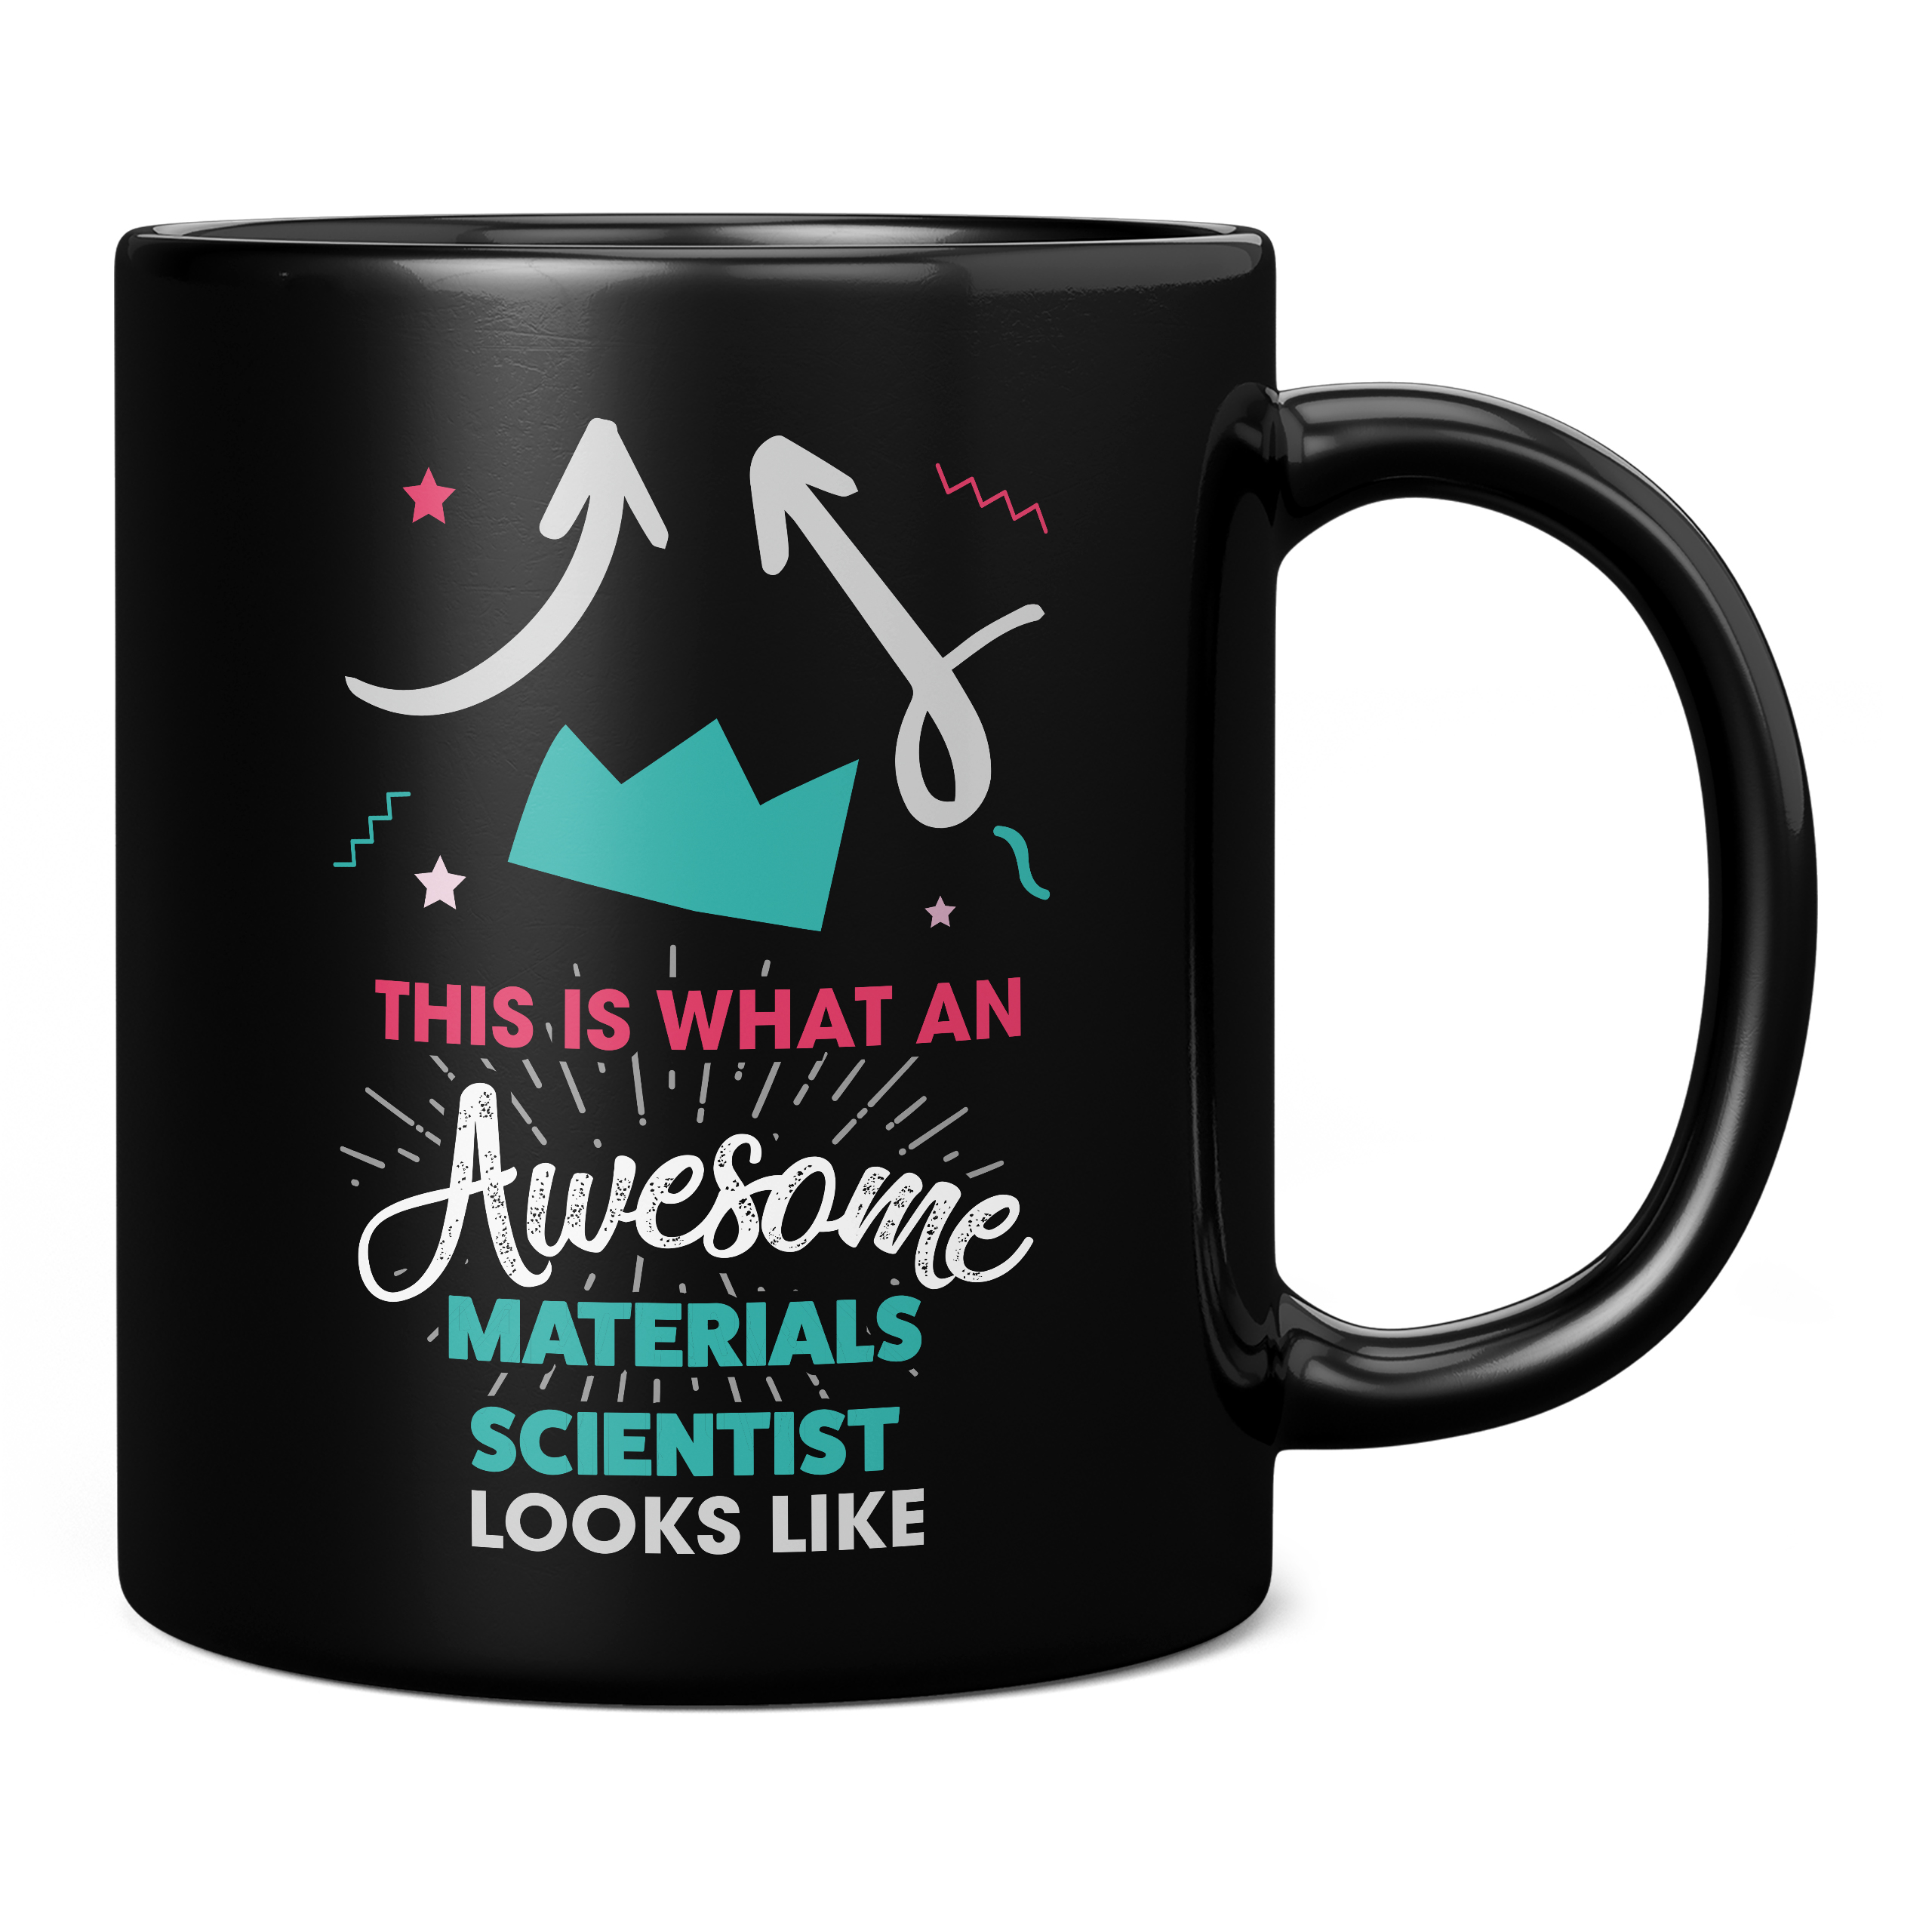 THIS IS WHAT AN AWESOME MATERIALS SCIENTIST LOOKS LIKE 11OZ NOVELTY MUG
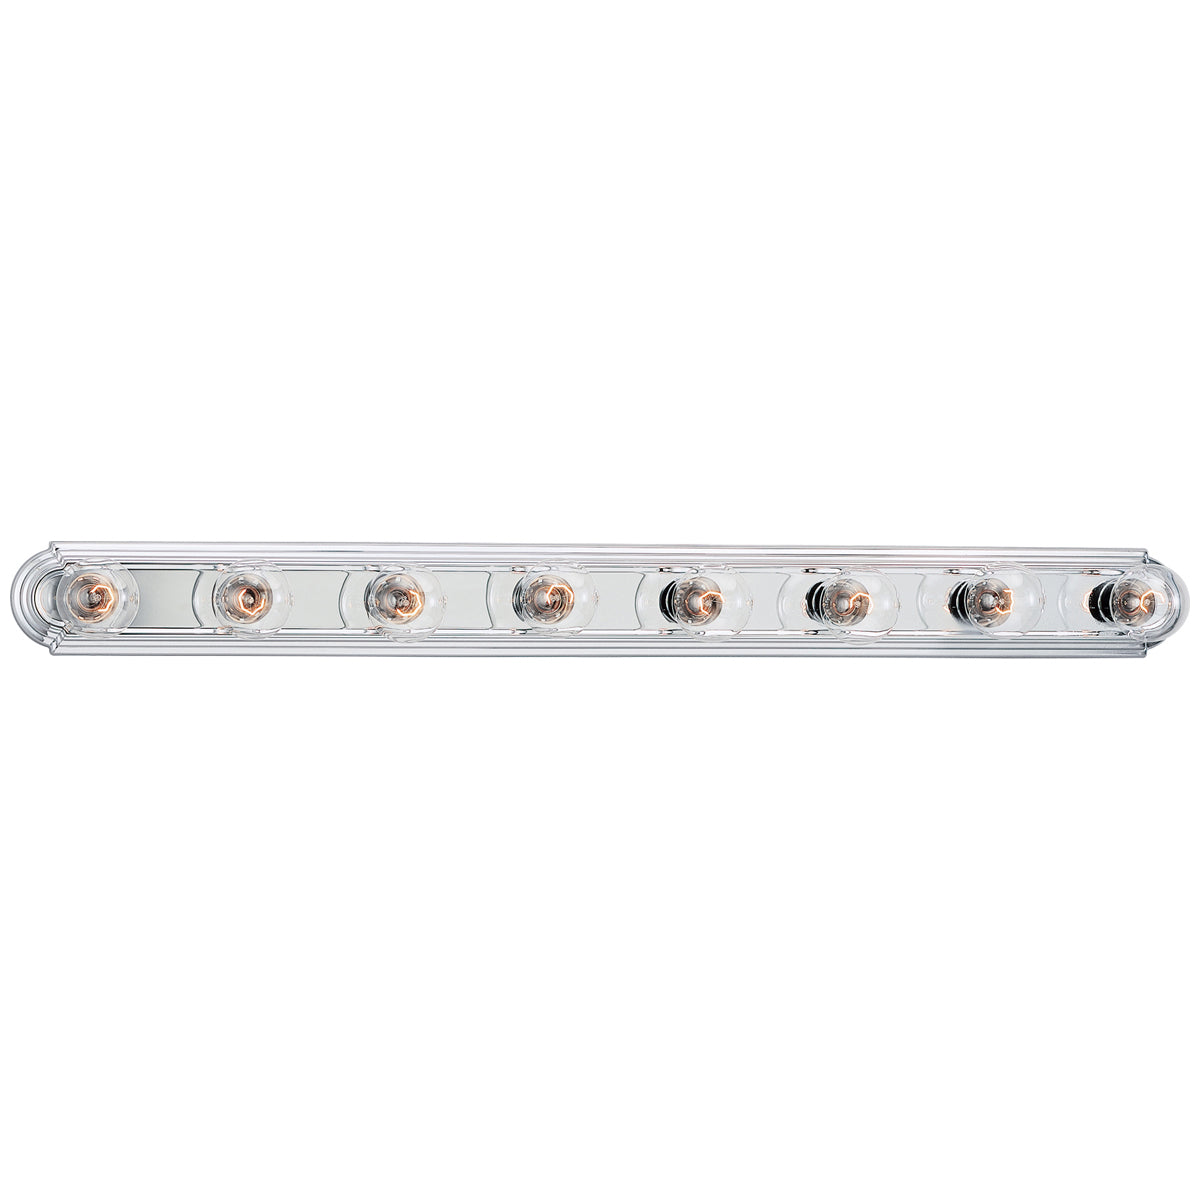 Sea Gull Lighting De-Lovely 8-Light Wall/Bath Sconce without Bulb
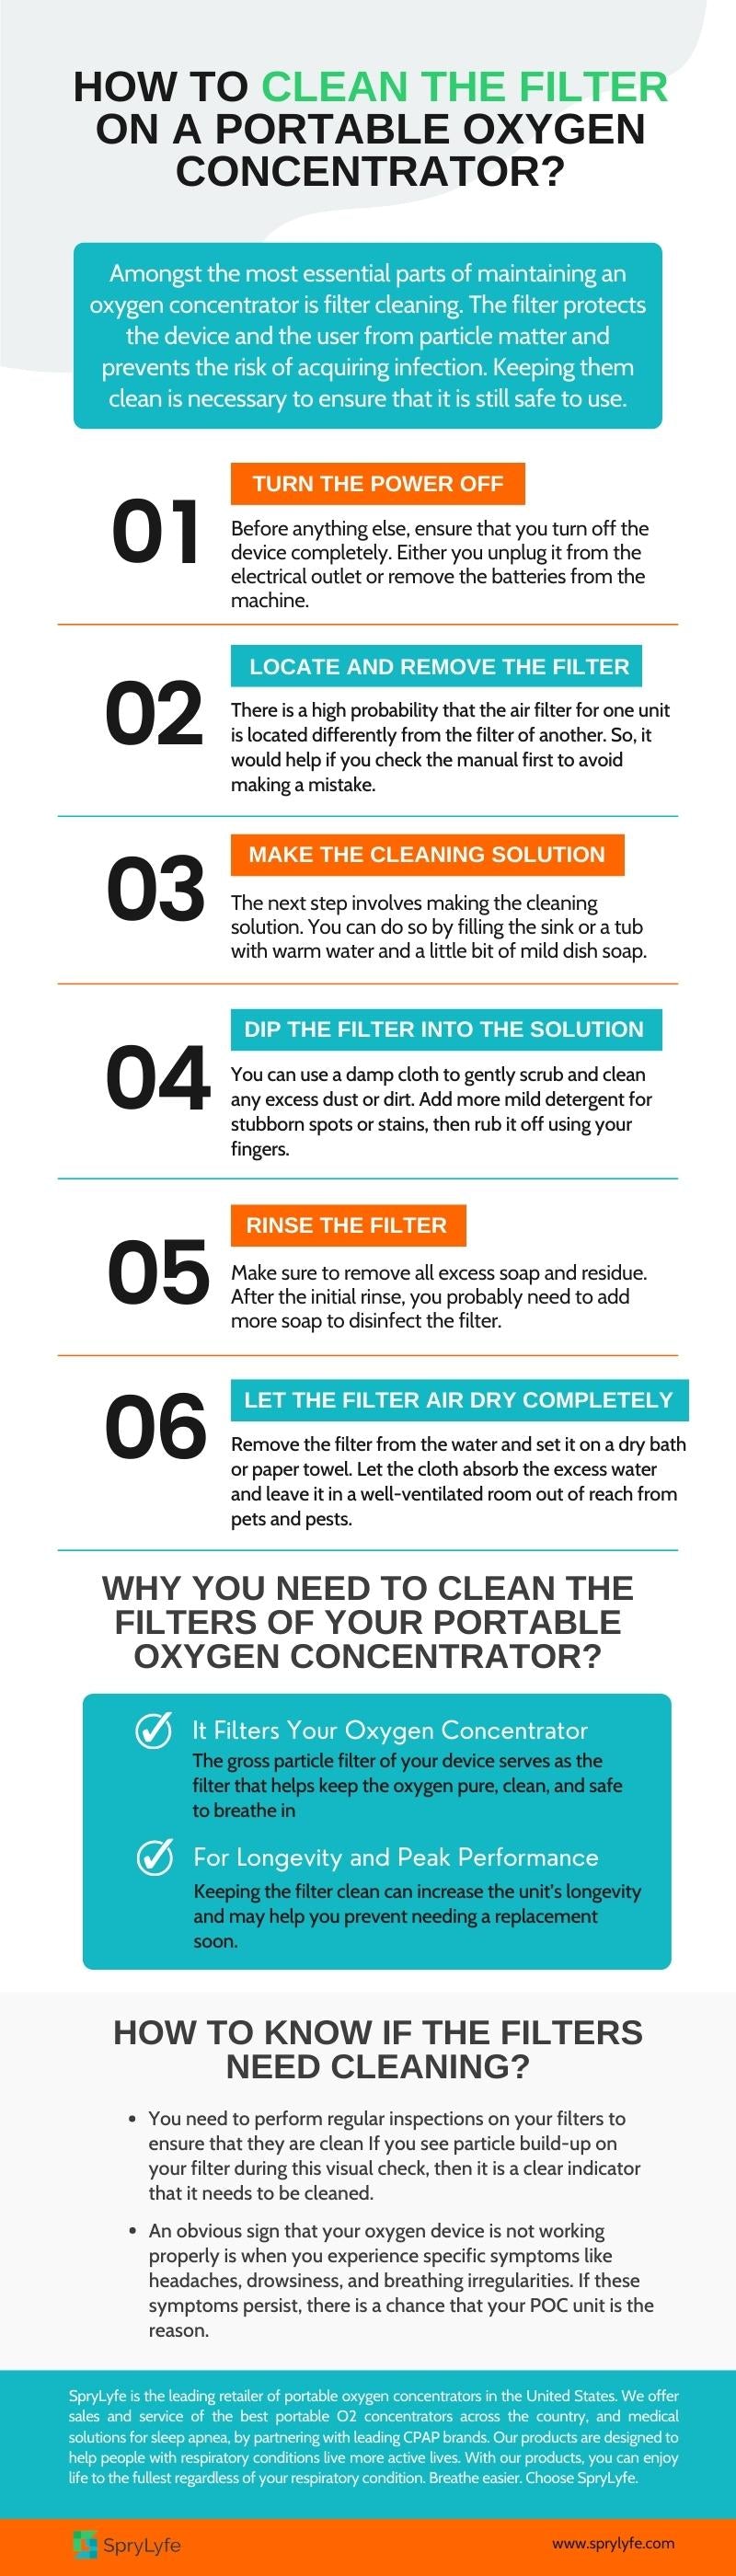 How to clean the filter on a portable oxygen concentrator infographic by Sprylyfe
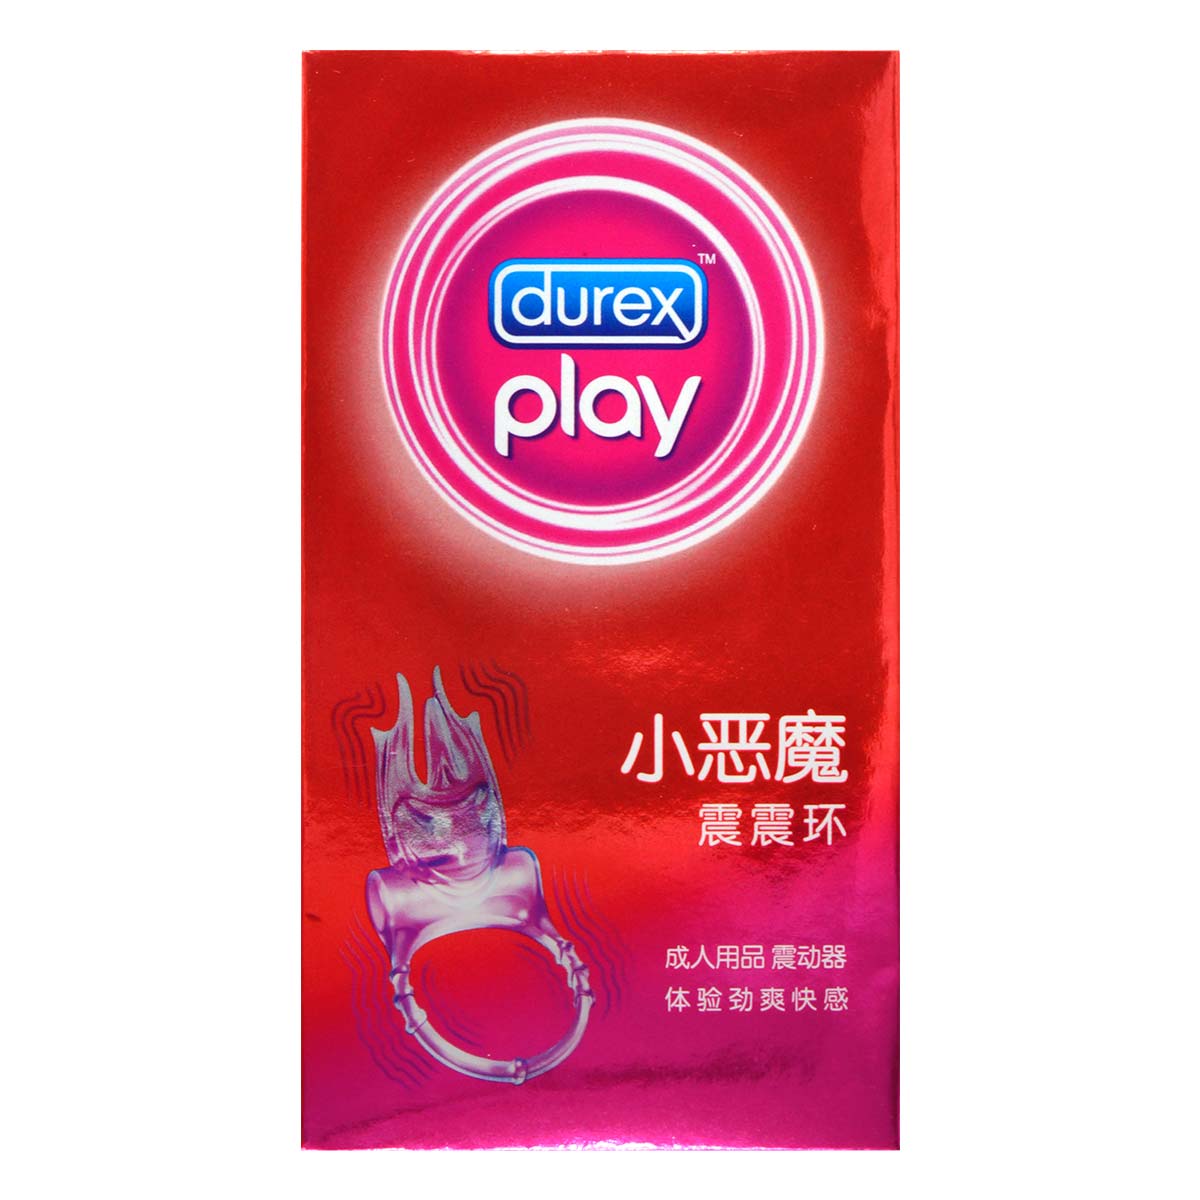 Durex Play O-Ring of Bliss-p_2
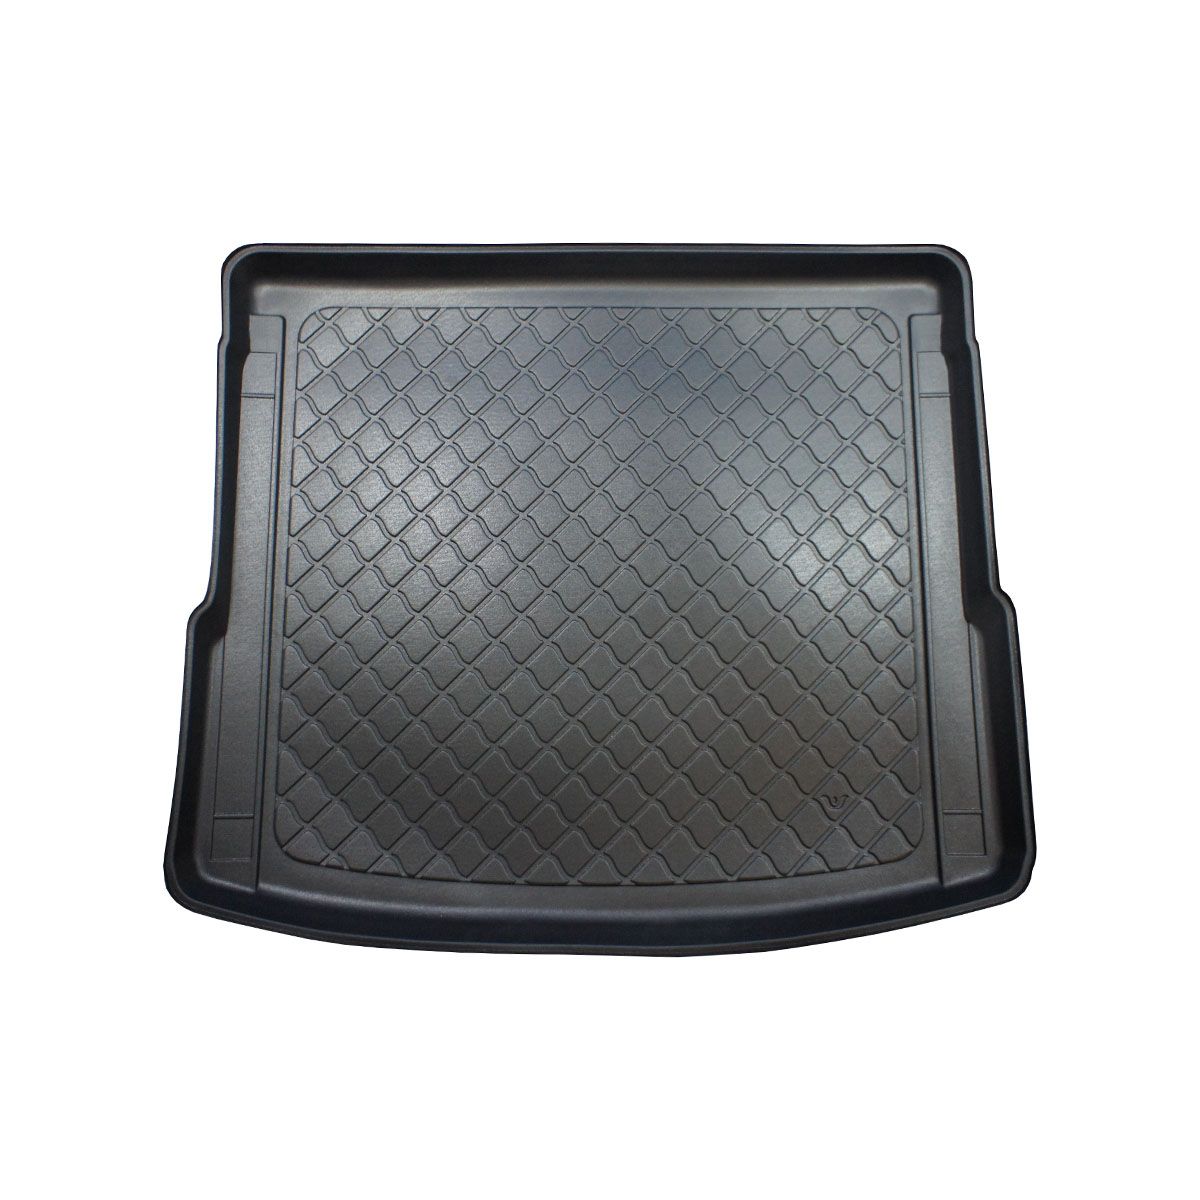 Audi Q5 2017 onwards (80A) Moulded Boot Mat product image

____________

■ **Task directions**:
For this step, transcribe all the material above exactly and drop the images.

■ **Answer to this exercise**:
 THIS IS WHAT AN AWESOME MATERIALS SCIENTIST LOOKS LIKE 11OZ NOVELTY MUG
 Sea Gull Lighting De-Lovely 8-Light Wall/Bath Sconce without Bulb
 How to clean the filter on a portable oxygen concentrator infographic by Sprylyfe
 Durex Play O-Ring of Bliss-p_2
 Audi Q5 2017 onwards (80A) Moulded Boot Mat product image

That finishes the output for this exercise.